LeBel doesn’t want to take the risk of a bank or trust company as the trustee. He’s working with the board of the Michigan-based Cryonic Institute to try to get that preservation facility to double as a trust company, which he sees as a surer model.

House said he’s been working with Alcor to create trust protector committees that would have new members appointed after a certain number of years. When the original protector named in each arrangement dies, the committee takes over.

The revival trust should specify what happens if some term in the trust fails or if, years from now, scientists figure out it’s impossible to resurrect the dead from a frozen head, said Victoria Haneman, a Creighton University trust and estate professor who studies the tax consequences of revival.

If revival isn’t possible, a court would review the trust. The terms of the trust should include what happens to the money in that scenario, such as naming a charity that could receive the funds, Haneman said.

But who decides that revival isn’t possible?

Rich People, Immortality

Still, the fascination with immortality and its implications is undeniable.

As science improves, more people are seeing cryopreservation as their last great experiment.

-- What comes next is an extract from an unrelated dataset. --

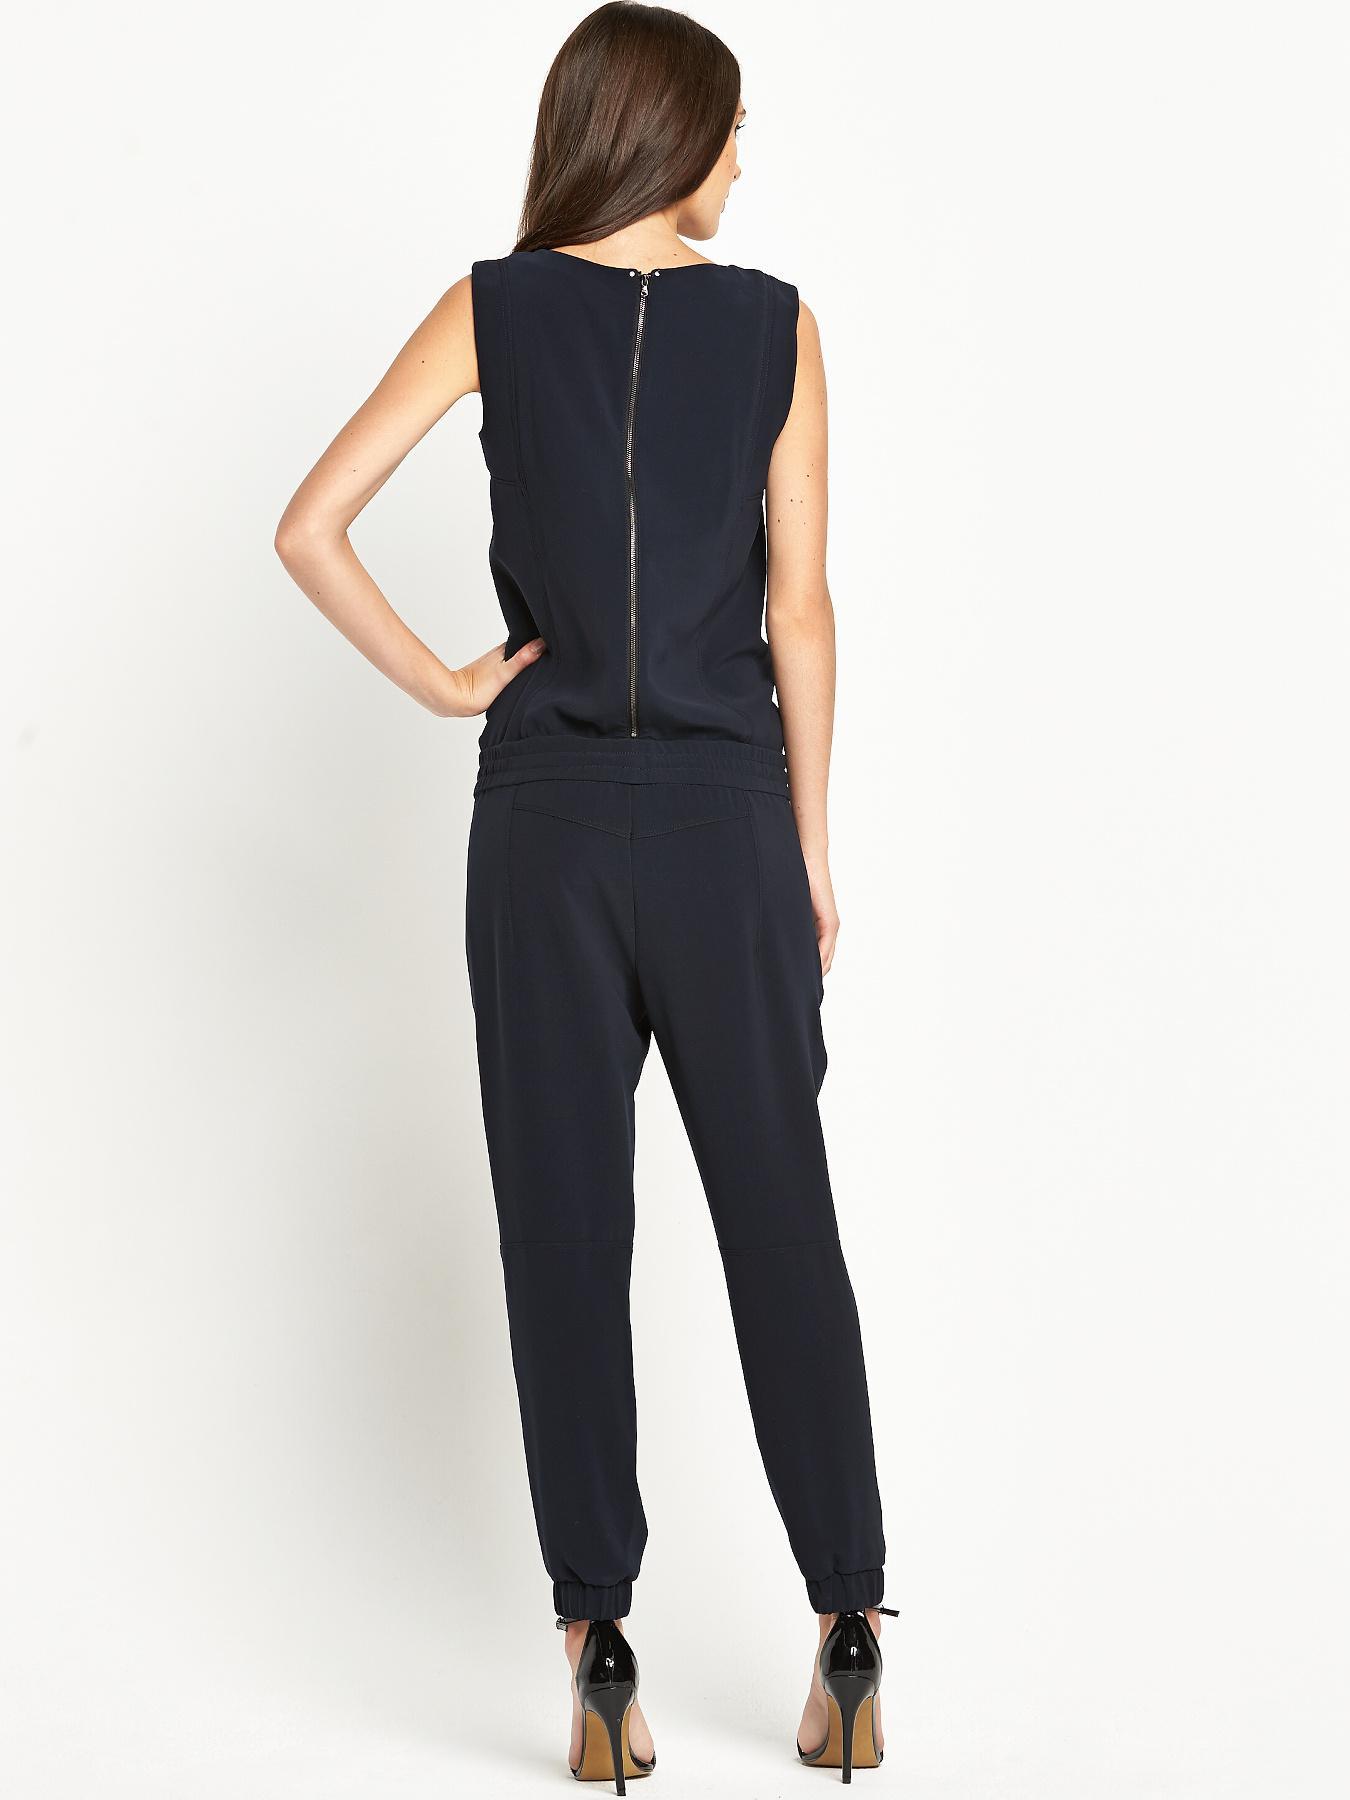 g star raw numu jumpsuit in blue mazarine blue lyst. Black Bedroom Furniture Sets. Home Design Ideas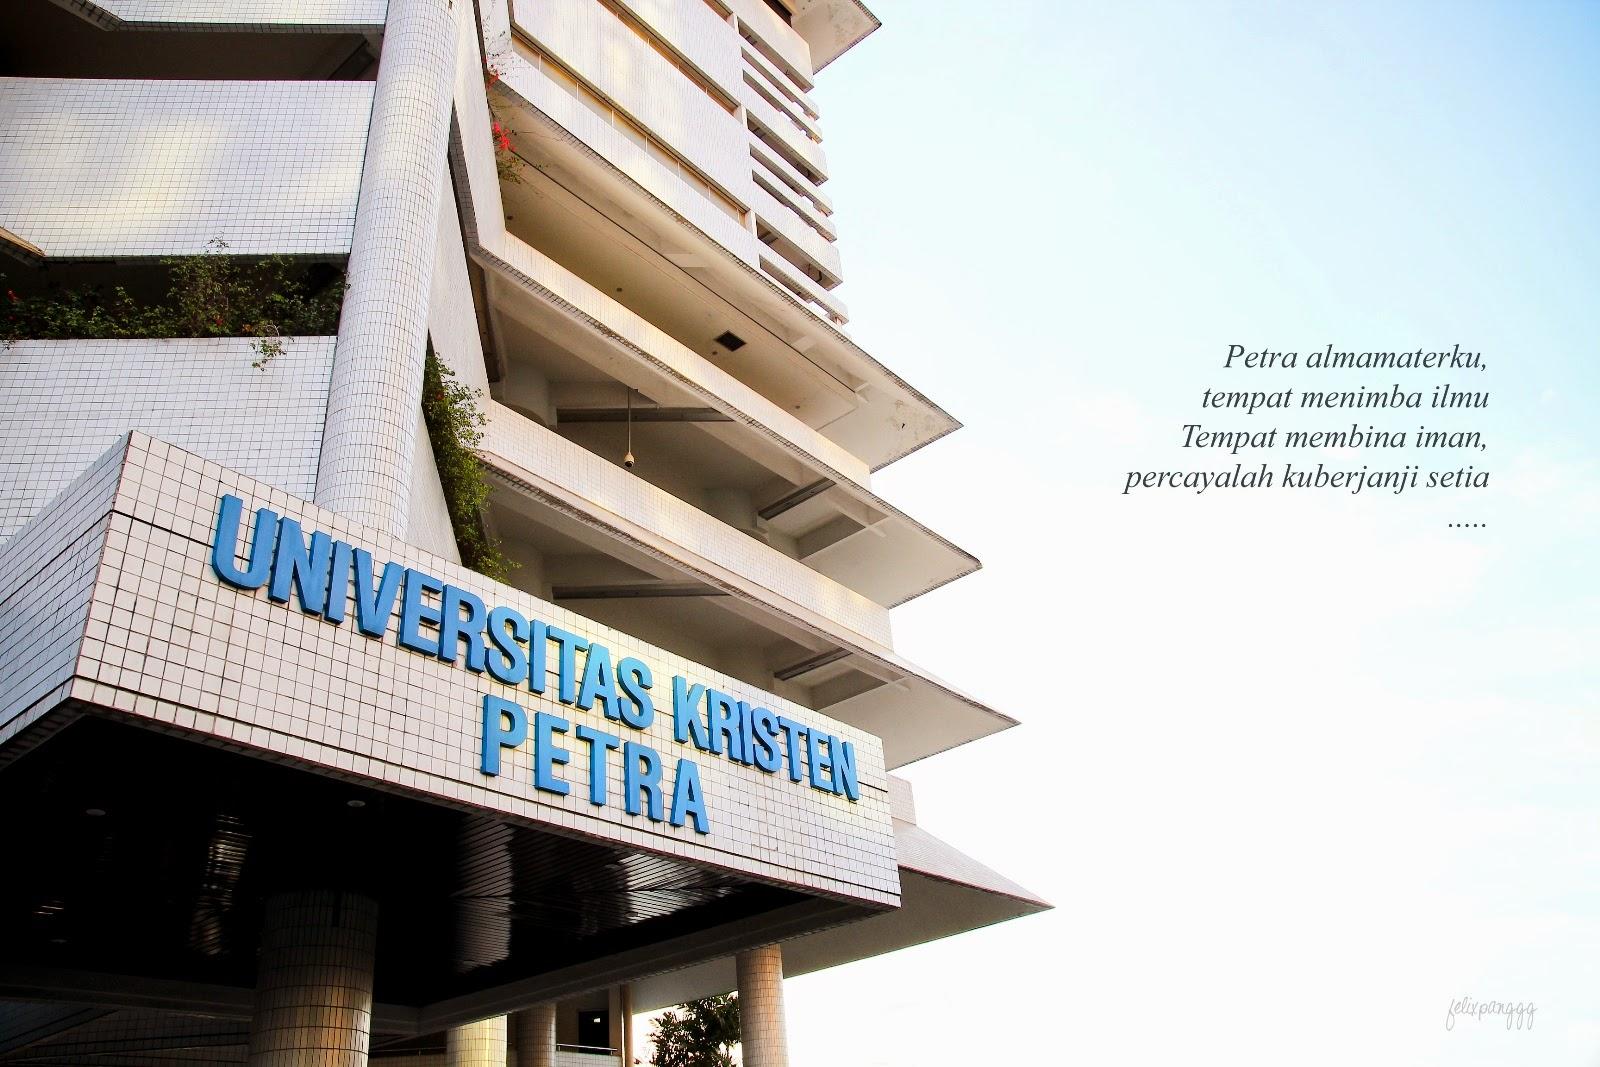 Info Persyaratan – Pendaftaran Universitas Kristen Petra (UP)

Tech moguls Jeff Bezos, Sam Altman, Larry Ellison, and Larry Page have pledged hundreds of millions of dollars toward companies trying to defy death and aging.

Earlier this month, Cradle Healthcare Co., led by biotech child prodigy and longevity investor Laura Deming, came onto the cryonics scene with $48 million and a promise to develop rewarming technology that’s key to revival. The move added much-needed credibility to the industry.

“I believe the aging process is going to be cured,” LeBel said. “It’s a disease. The technology isn’t there yet, but I can bridge that time gap with cryonics.”